WHAT THE TASK ASKS.
Below are some records. Return exactly their lines from the one containing "Portgas D Ace" through the one containing "Classic Rhythm Toy", and drop the pictures.

THE DATA.
****************

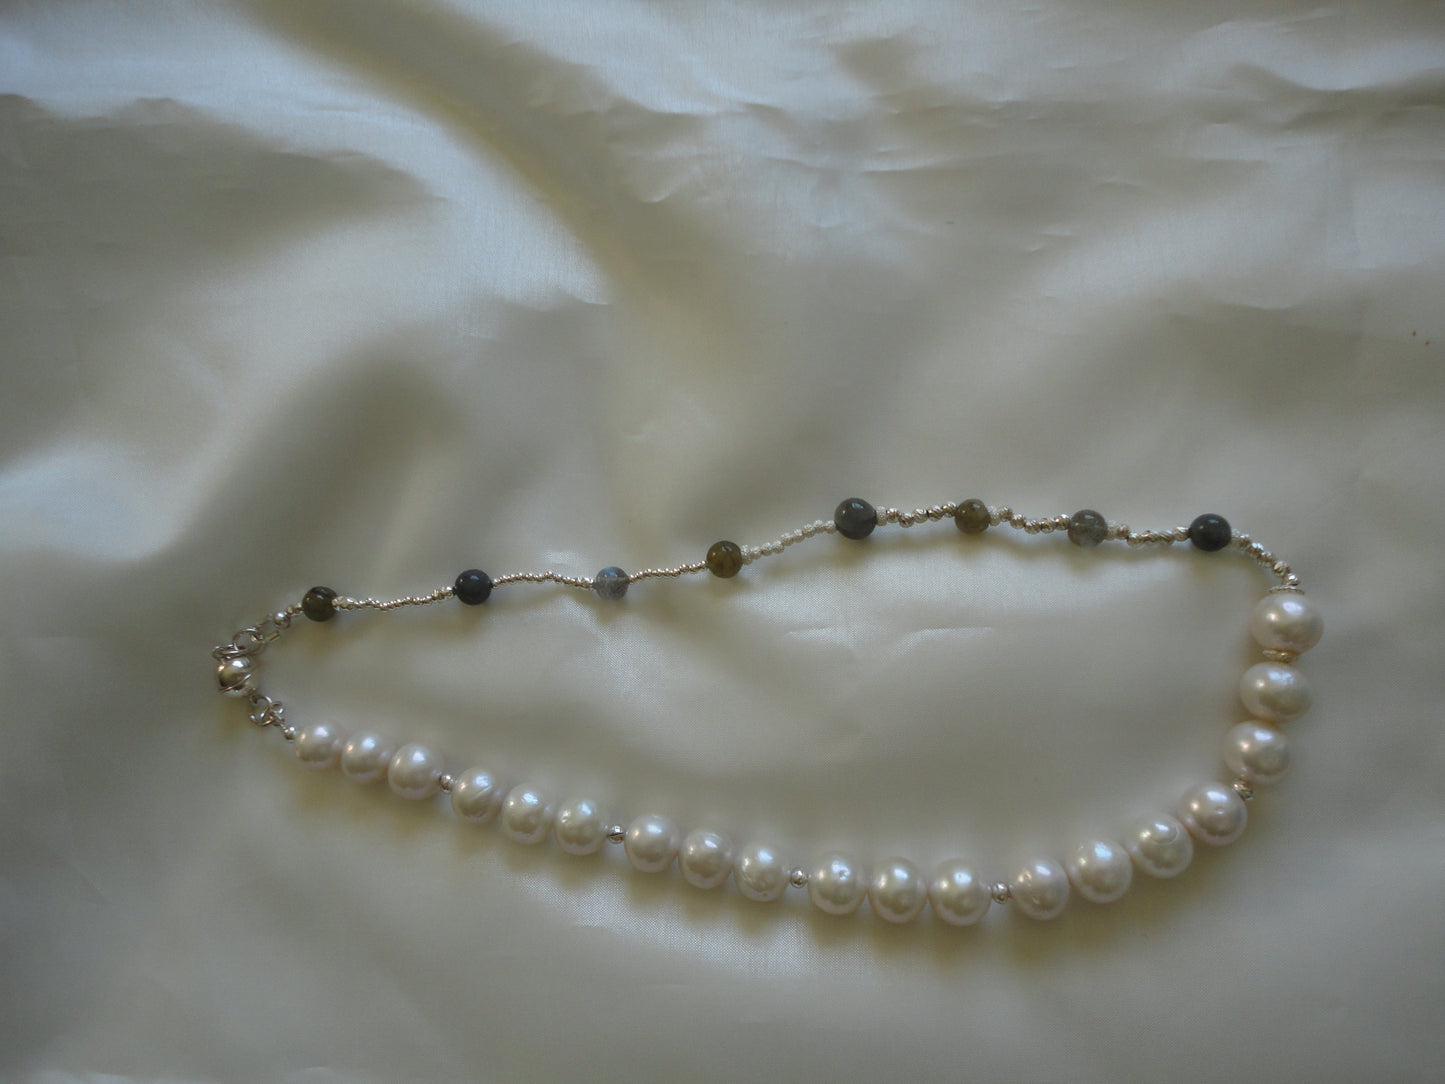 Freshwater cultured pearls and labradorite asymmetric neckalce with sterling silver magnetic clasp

****************

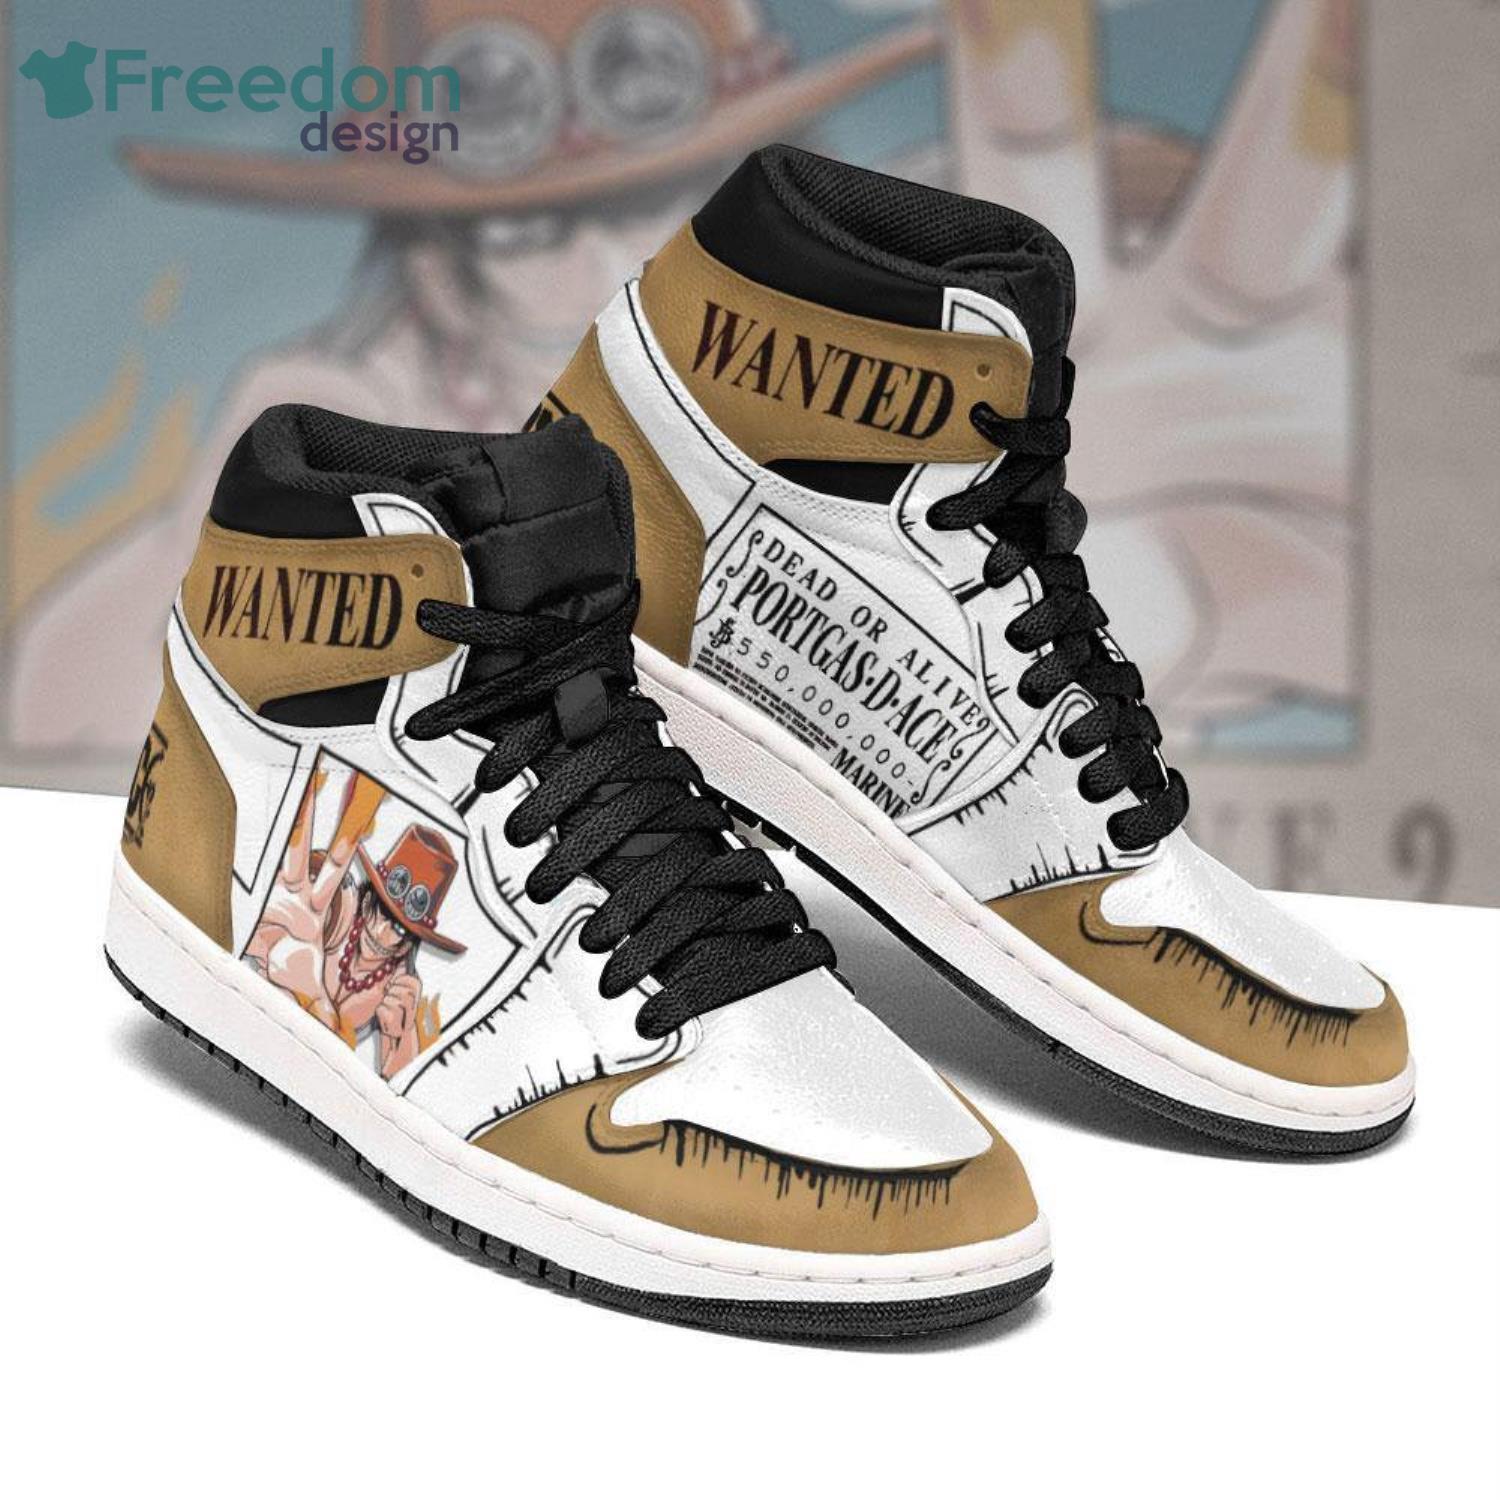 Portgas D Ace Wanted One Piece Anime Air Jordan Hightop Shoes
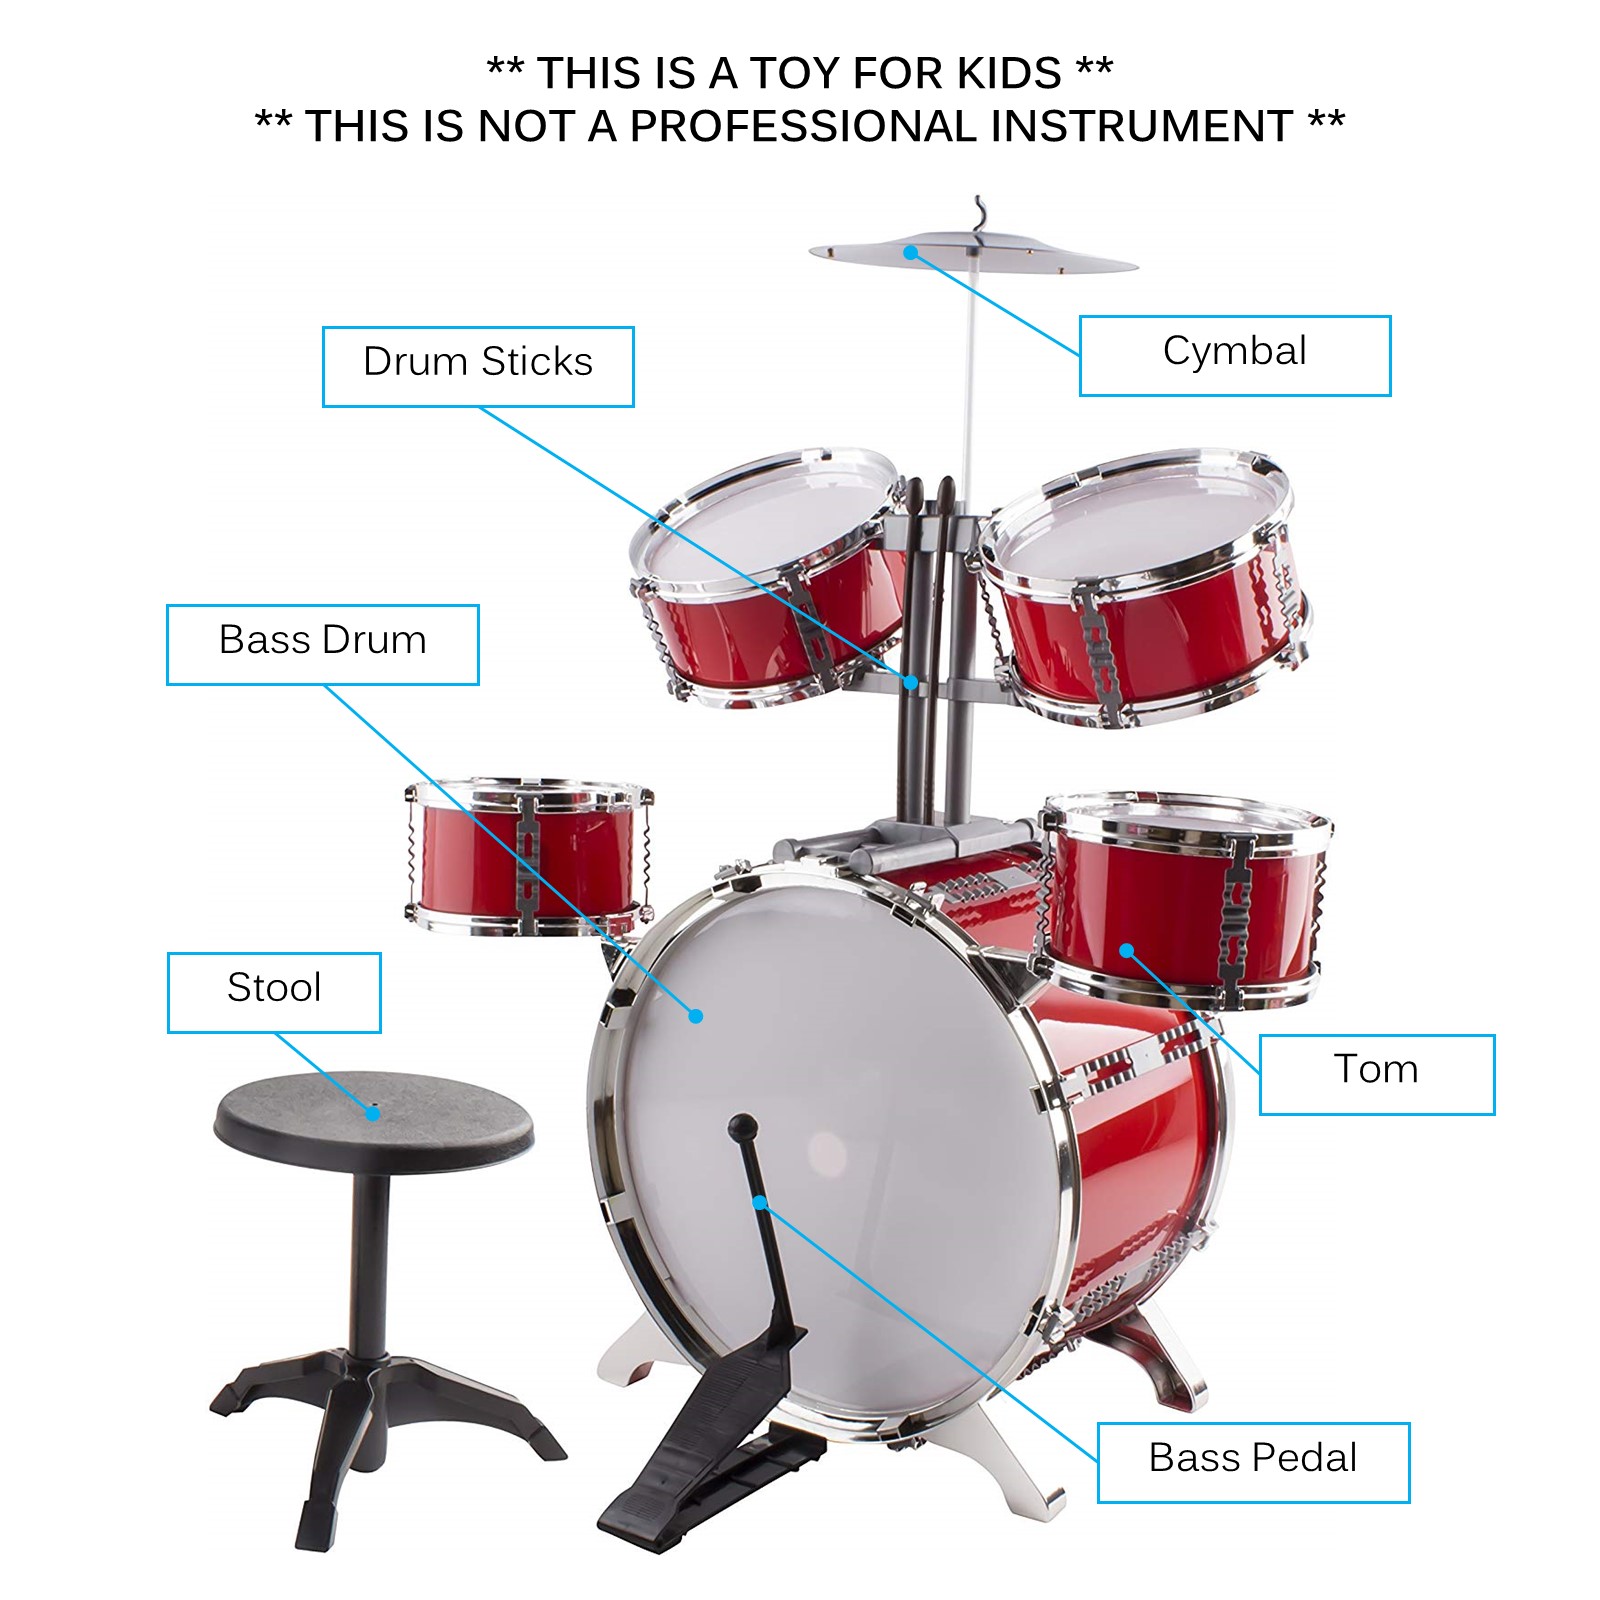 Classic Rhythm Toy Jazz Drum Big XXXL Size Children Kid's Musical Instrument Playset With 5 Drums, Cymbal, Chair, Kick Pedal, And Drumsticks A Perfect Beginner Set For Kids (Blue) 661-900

****************

REPLY TO THE TASK.
 Portgas D Ace Wanted One Piece Anime Air Jordan Hightop Shoes
 Classic Rhythm Toy Jazz Drum Big XXXL Size Children Kid's Musical Instrument Playset With 5 Drums, Cymbal, Chair, Kick Pedal, And Drumsticks A Perfect Beginner Set For Kids (Blue) 661-900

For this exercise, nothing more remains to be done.